Exercise
Beginning at the line containing "Desa owner manual", repeat each line below exactly up to and including the line containing "Infografis: Pimpinan Negara". Do not repeat the pictures.

Exercise data

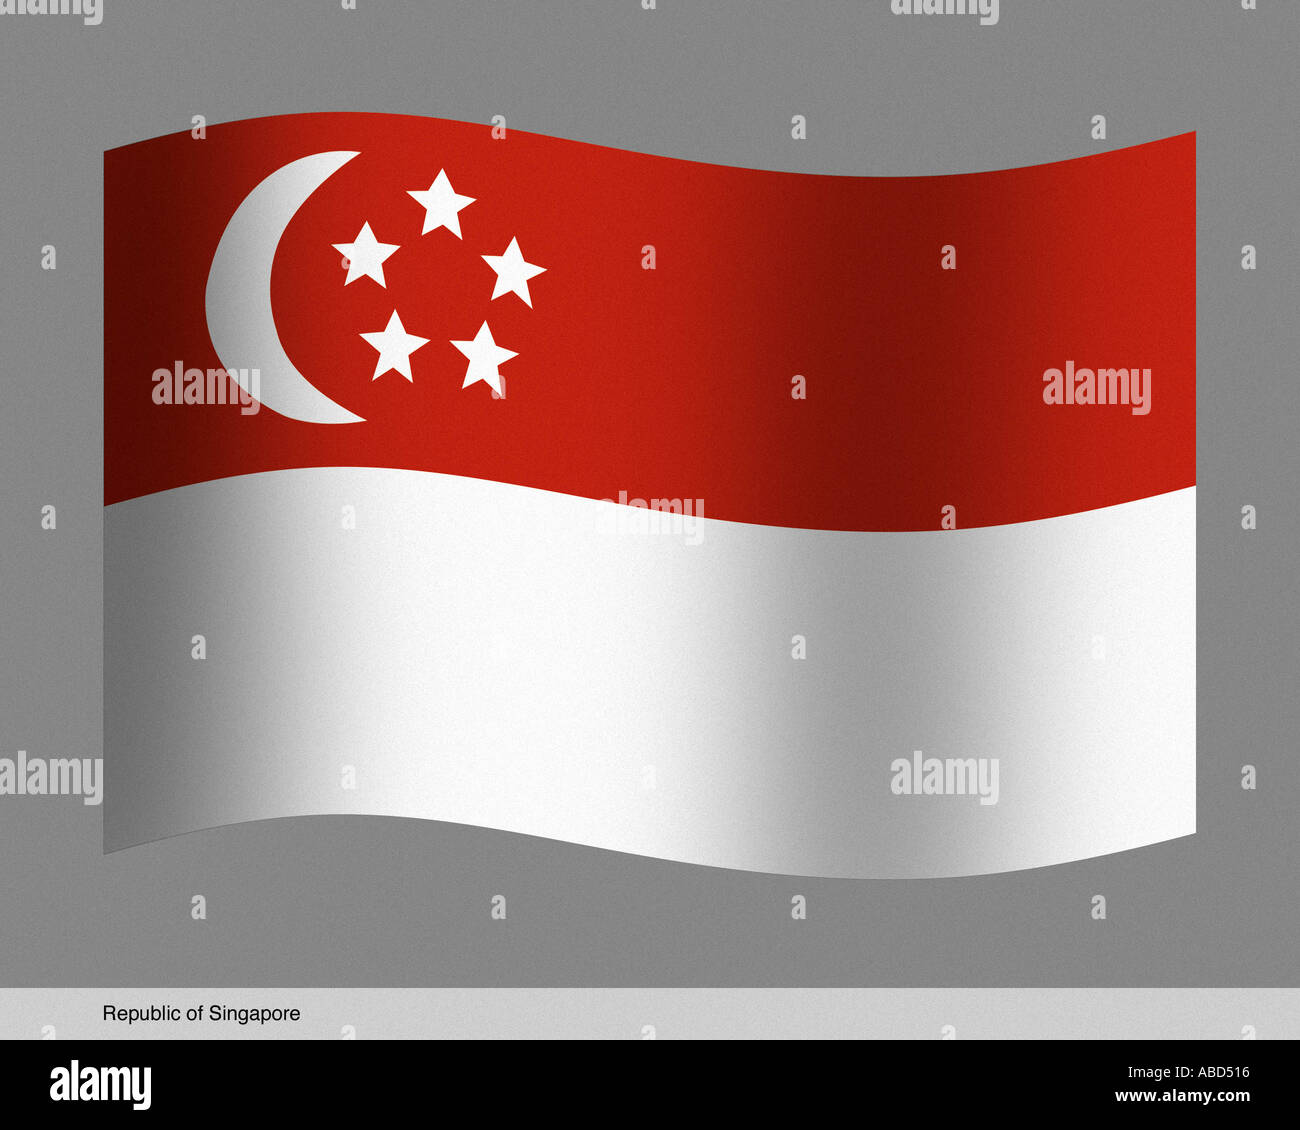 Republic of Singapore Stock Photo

--

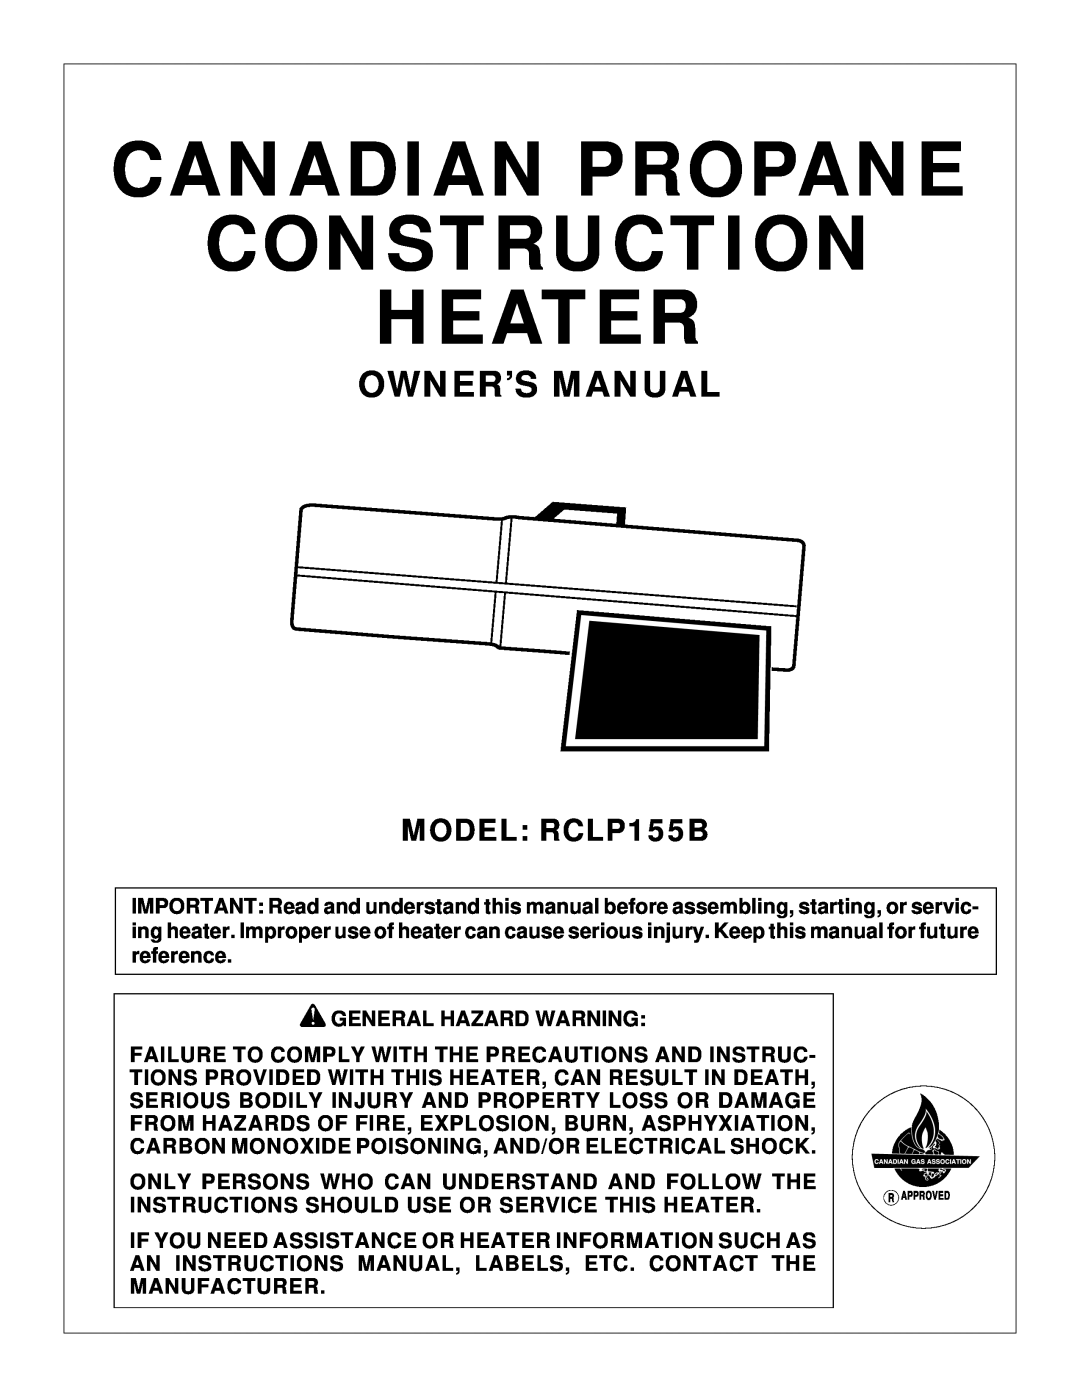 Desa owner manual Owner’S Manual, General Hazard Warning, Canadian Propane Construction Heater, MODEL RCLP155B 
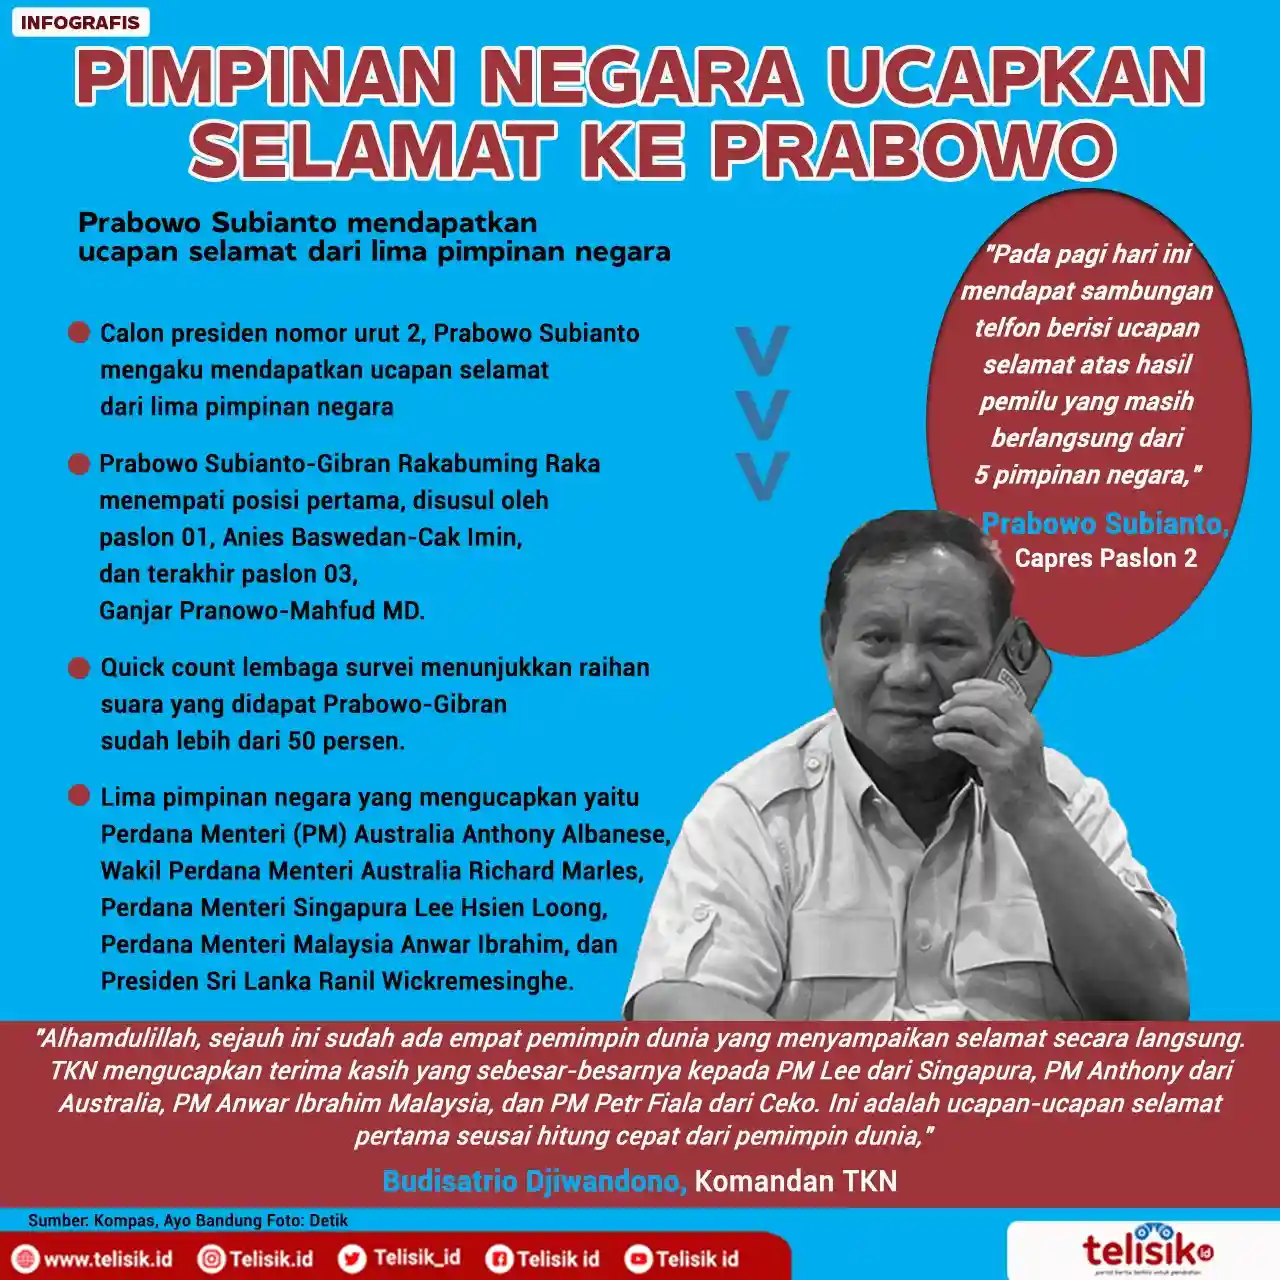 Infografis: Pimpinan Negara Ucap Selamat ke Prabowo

...

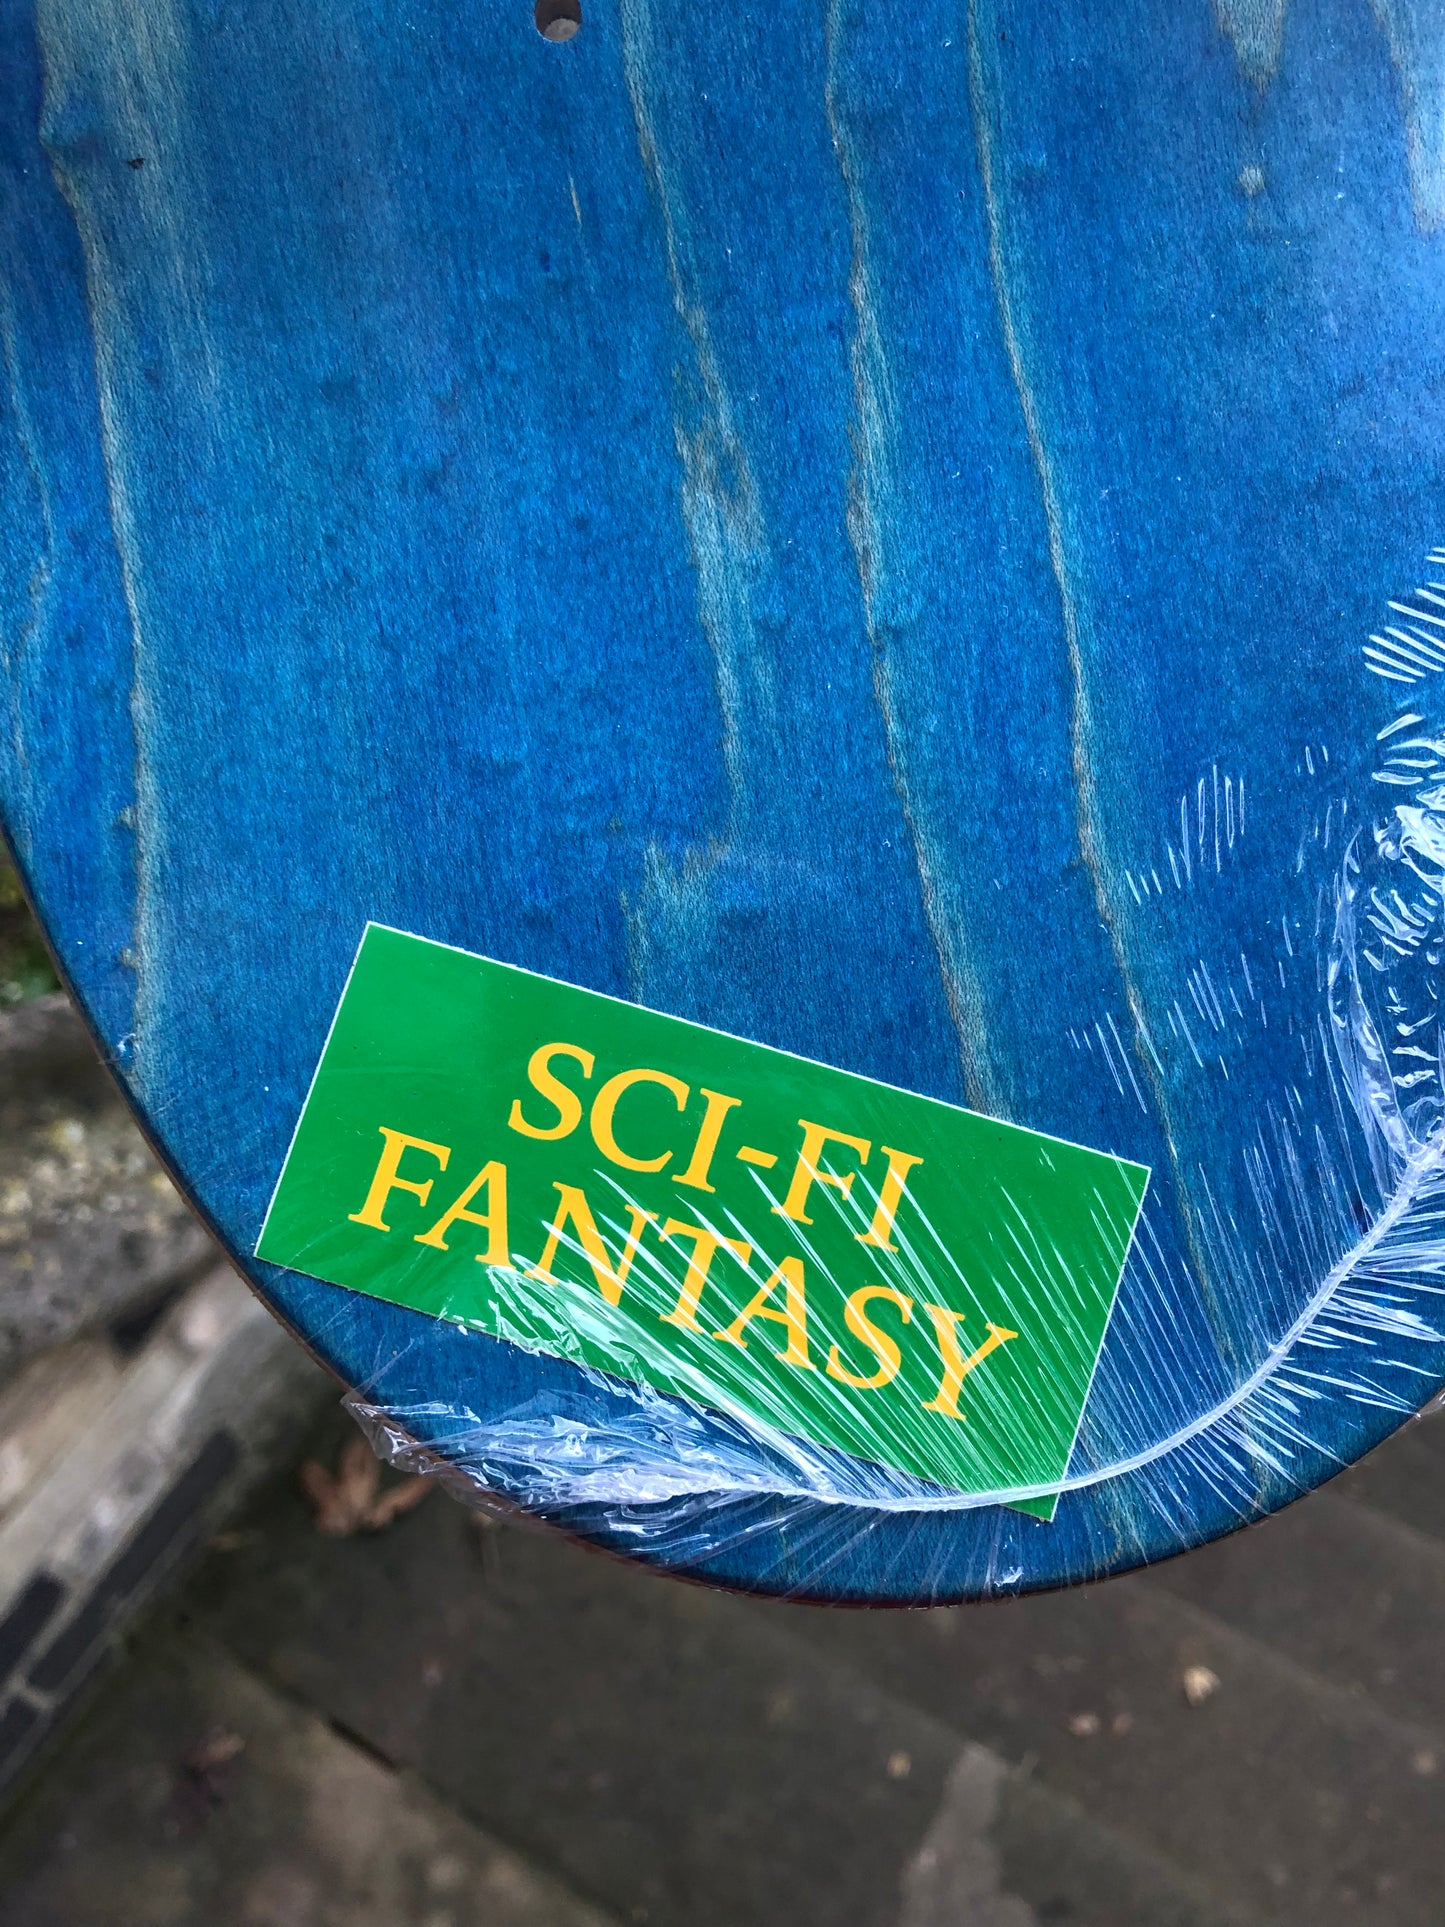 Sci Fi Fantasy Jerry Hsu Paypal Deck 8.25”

Output of the task
 Desa owner manual Owner’S Manual, General Hazard Warning, Canadian Propane Construction Heater, MODEL RCLP155B 
 Infografis: Pimpinan Negara Ucap Selamat ke Prabowo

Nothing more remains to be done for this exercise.